> **Assigned task**:
Please restate word for word the lines of the entries below from the one with "Audi A7 h-tron" to the one with "手机图标|ui|主题/皮肤|zjj920615 - 原创作品 - 站酷", inclusive, and leave out every picture.

> **Dataset excerpts**:

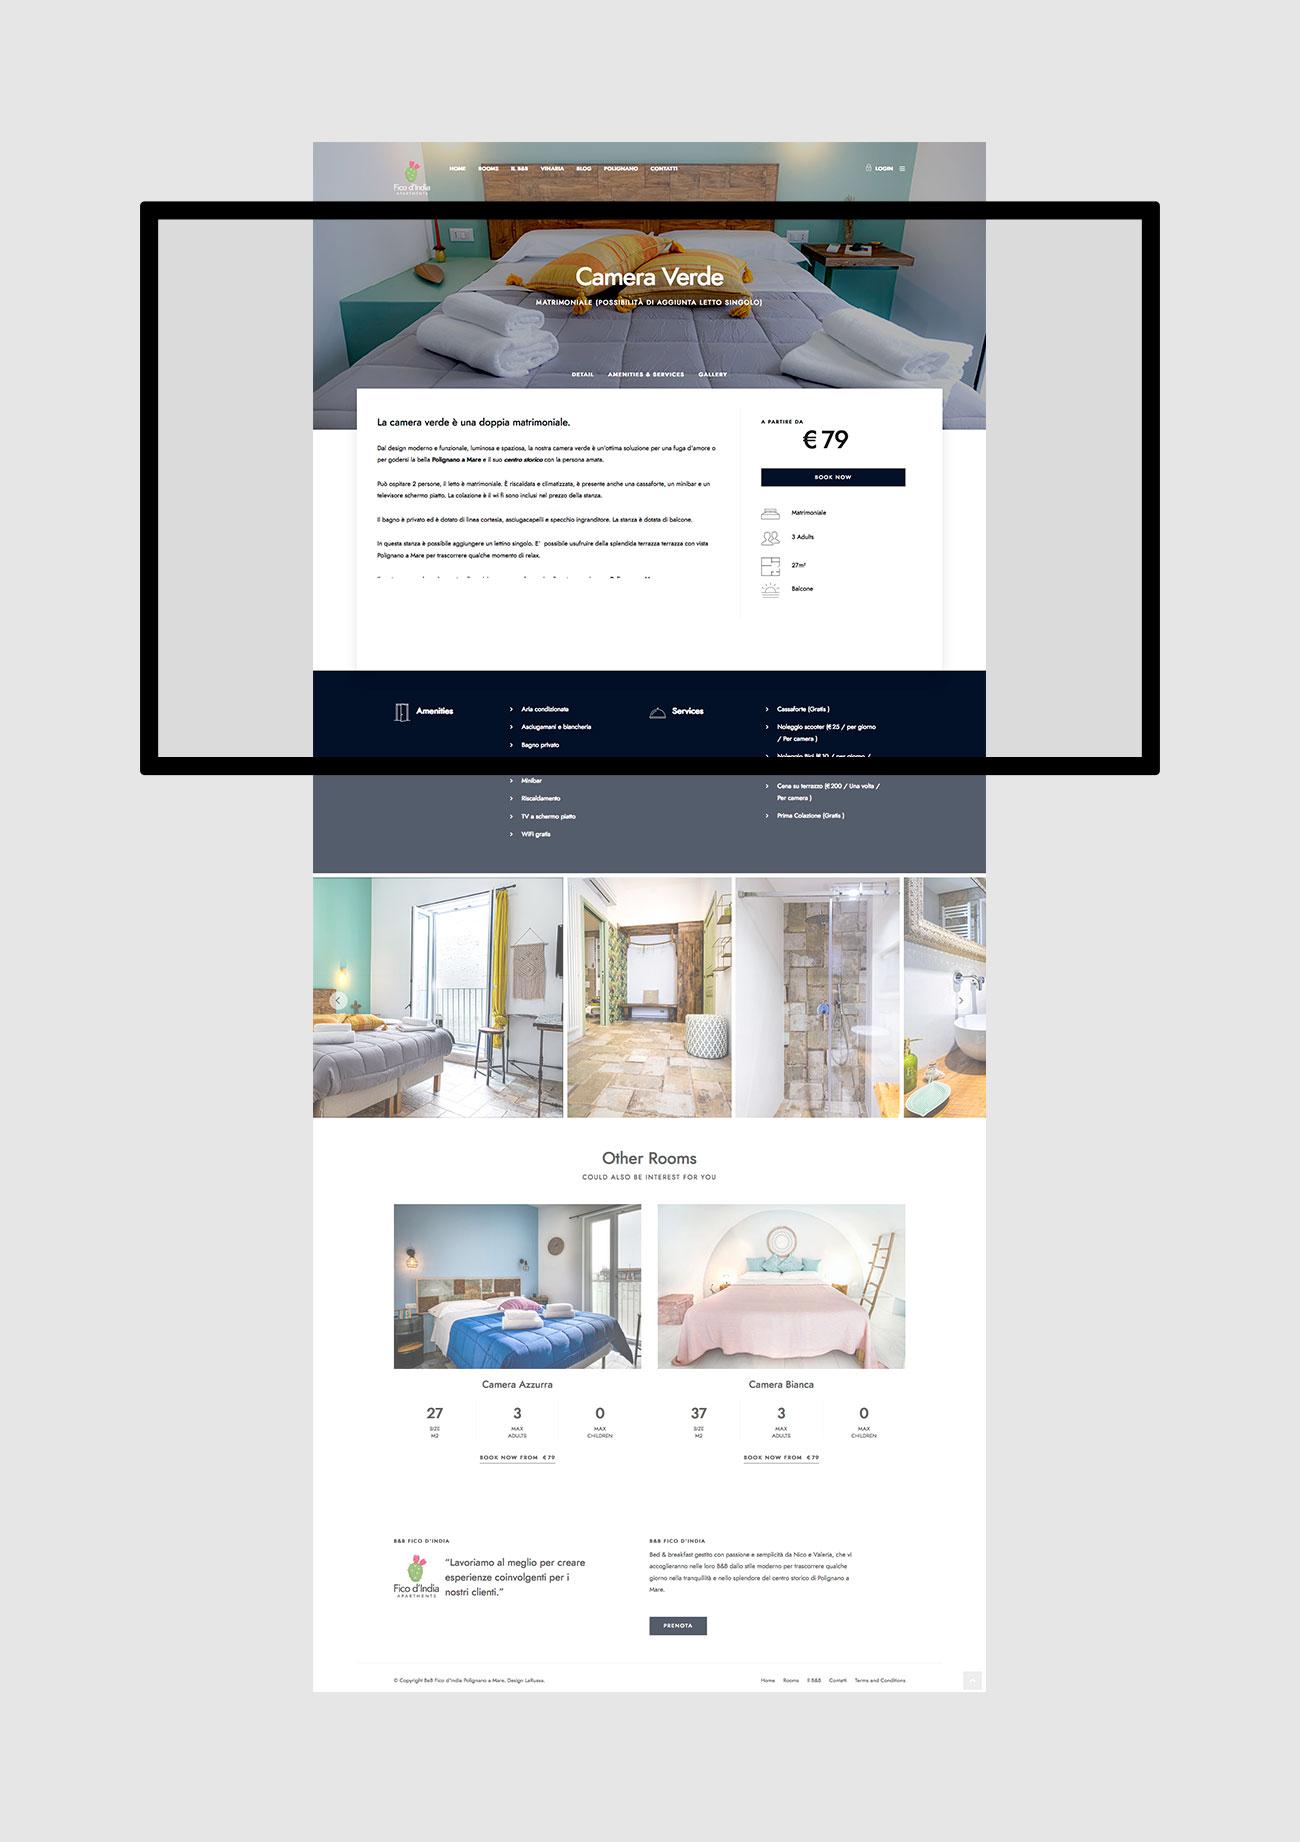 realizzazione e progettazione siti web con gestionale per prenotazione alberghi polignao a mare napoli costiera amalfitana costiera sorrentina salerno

==

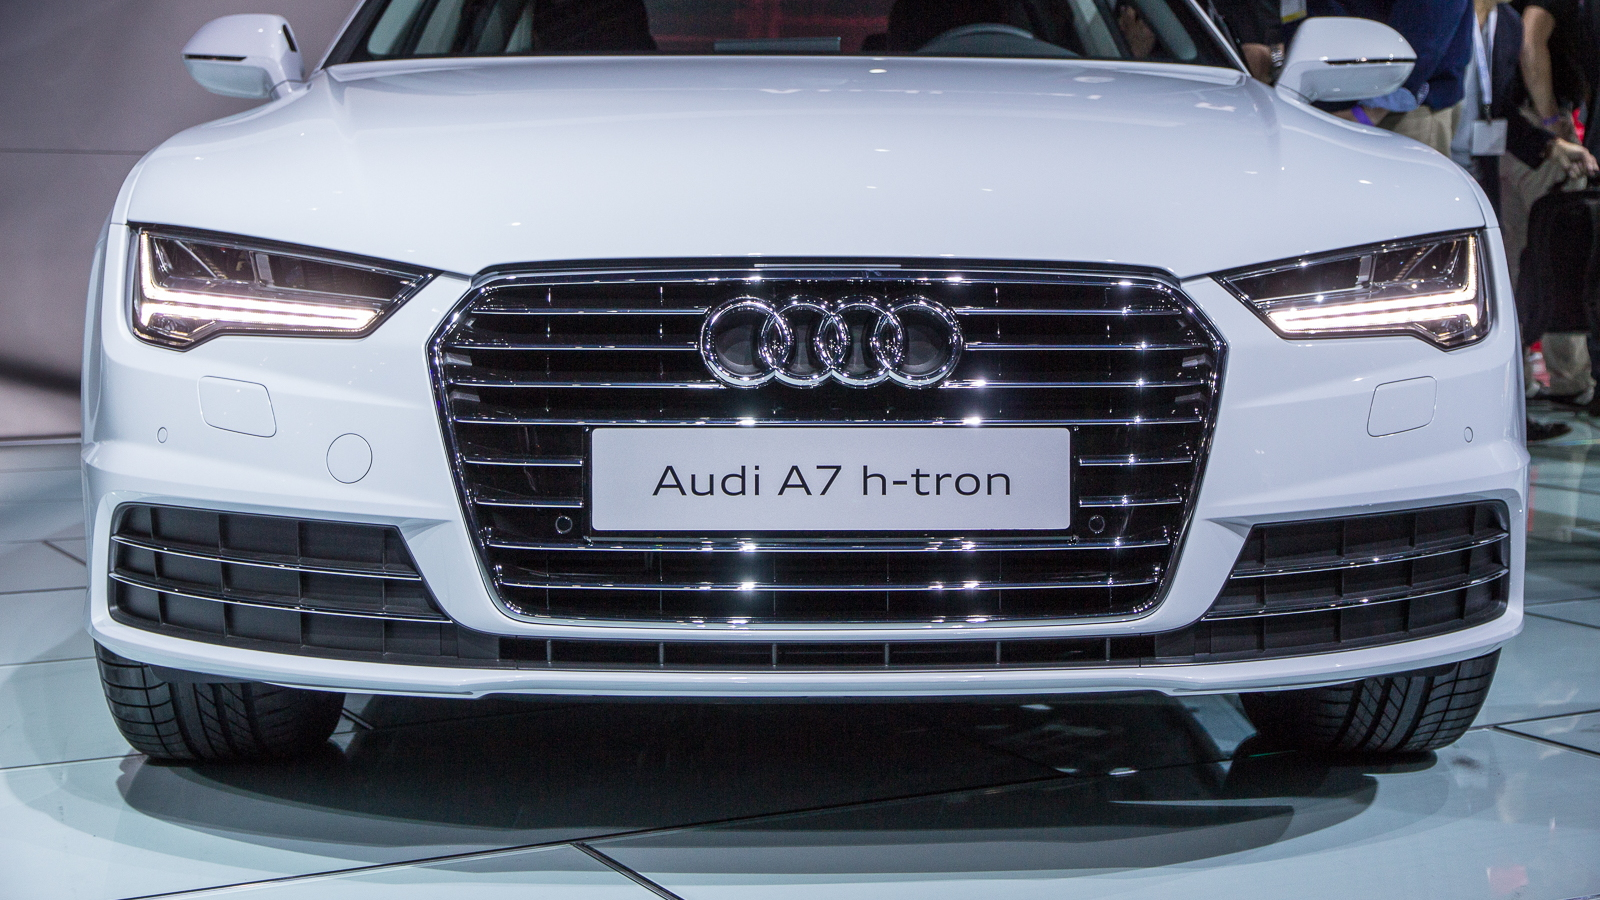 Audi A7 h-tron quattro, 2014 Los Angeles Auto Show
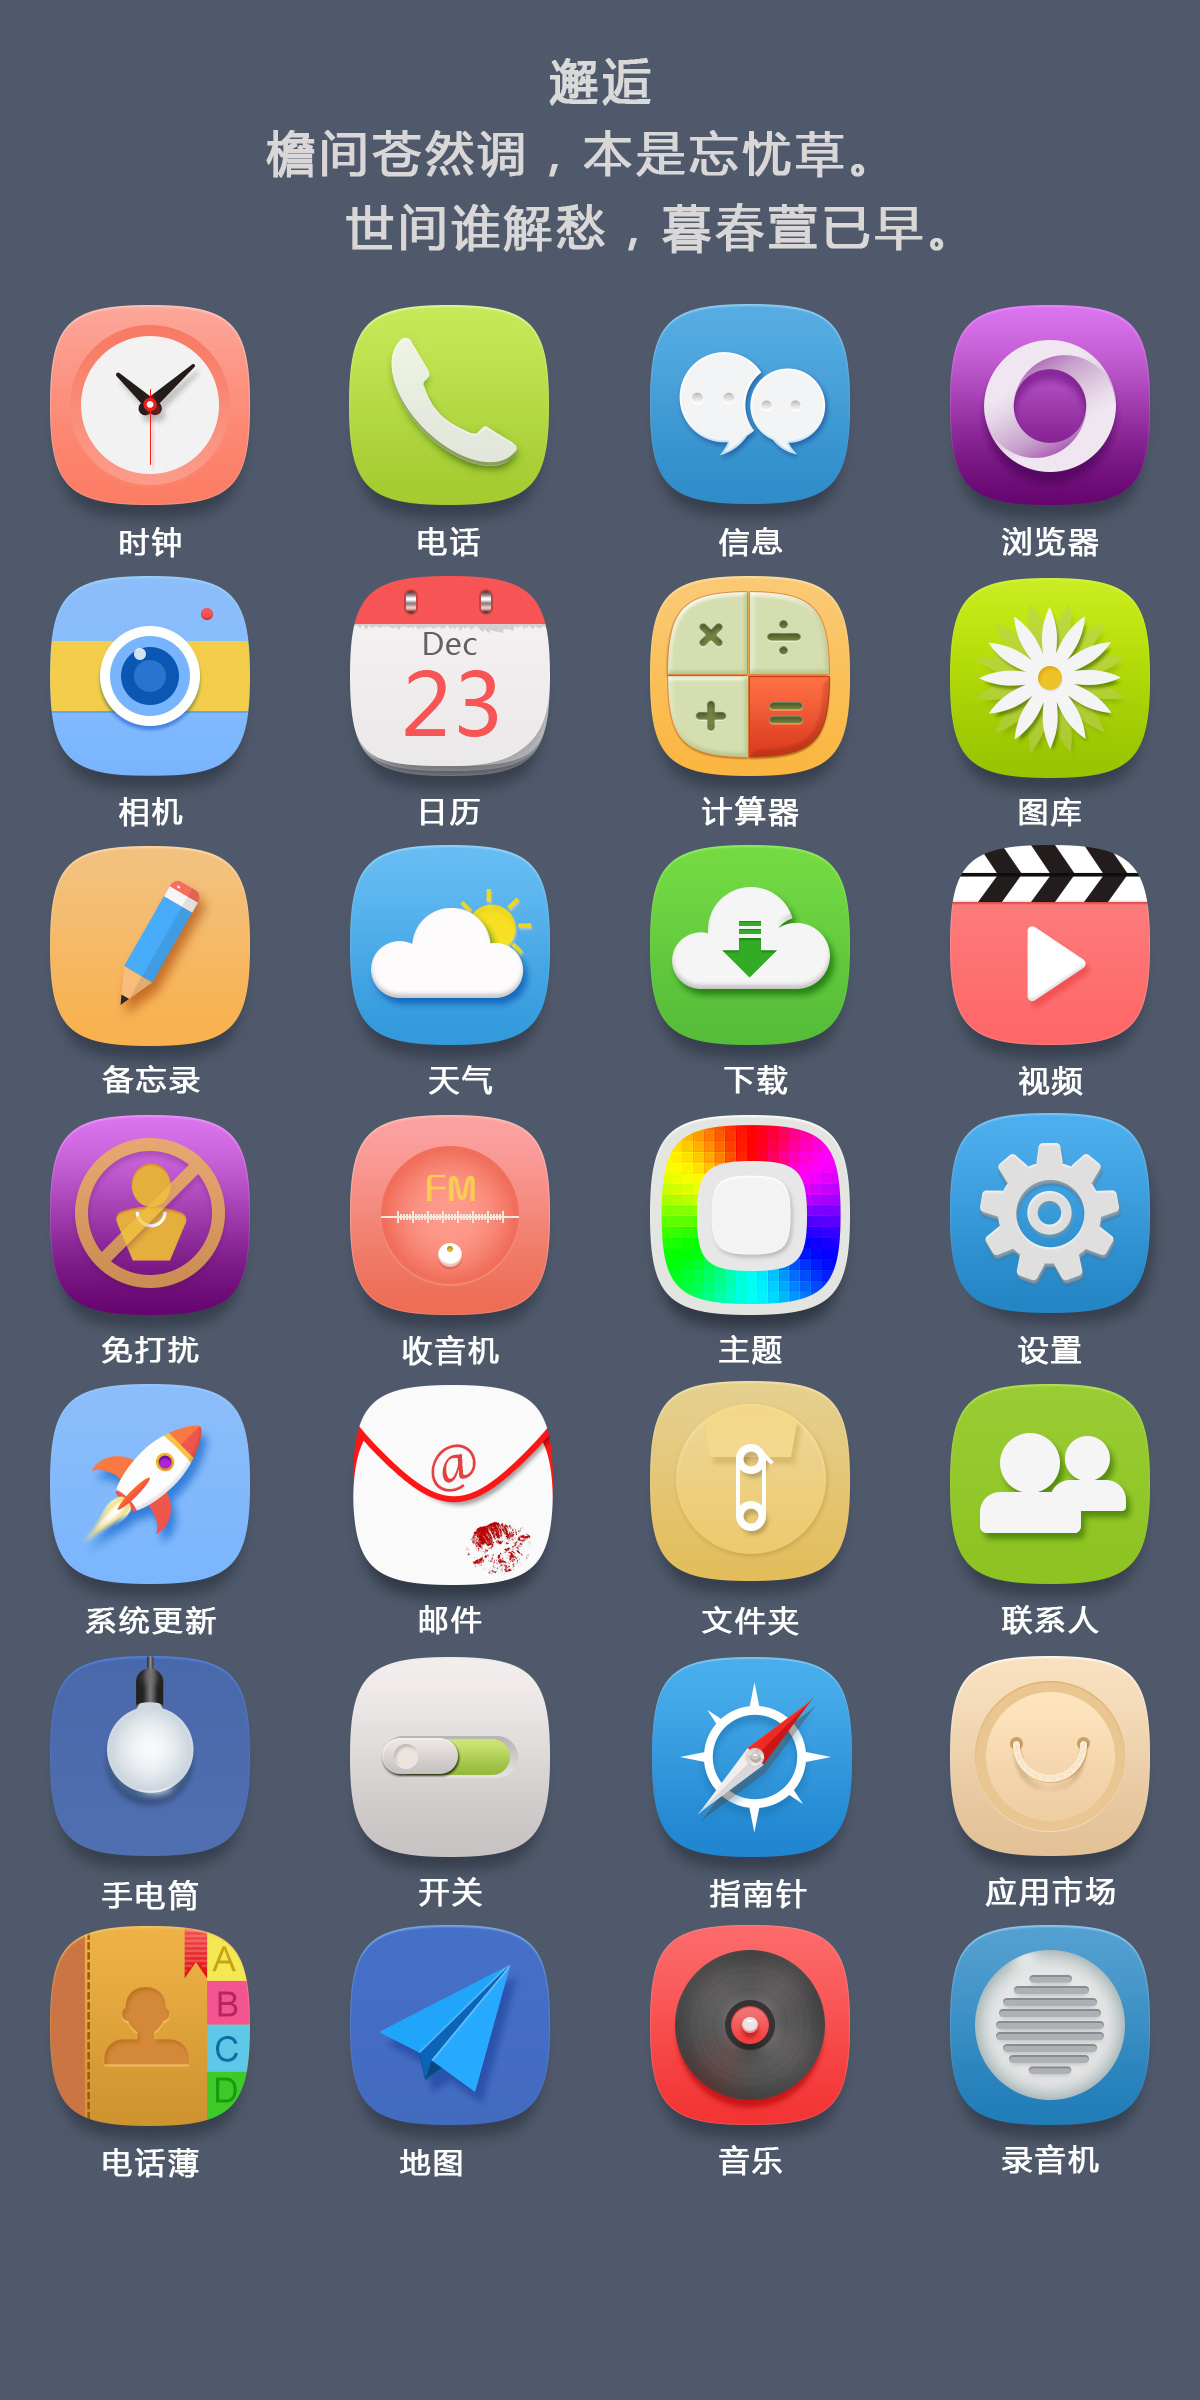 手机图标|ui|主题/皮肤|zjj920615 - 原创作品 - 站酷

> **Worked solution**:
 Audi A7 h-tron quattro, 2014 Los Angeles Auto Show
 手机图标|ui|主题/皮肤|zjj920615 - 原创作品 - 站酷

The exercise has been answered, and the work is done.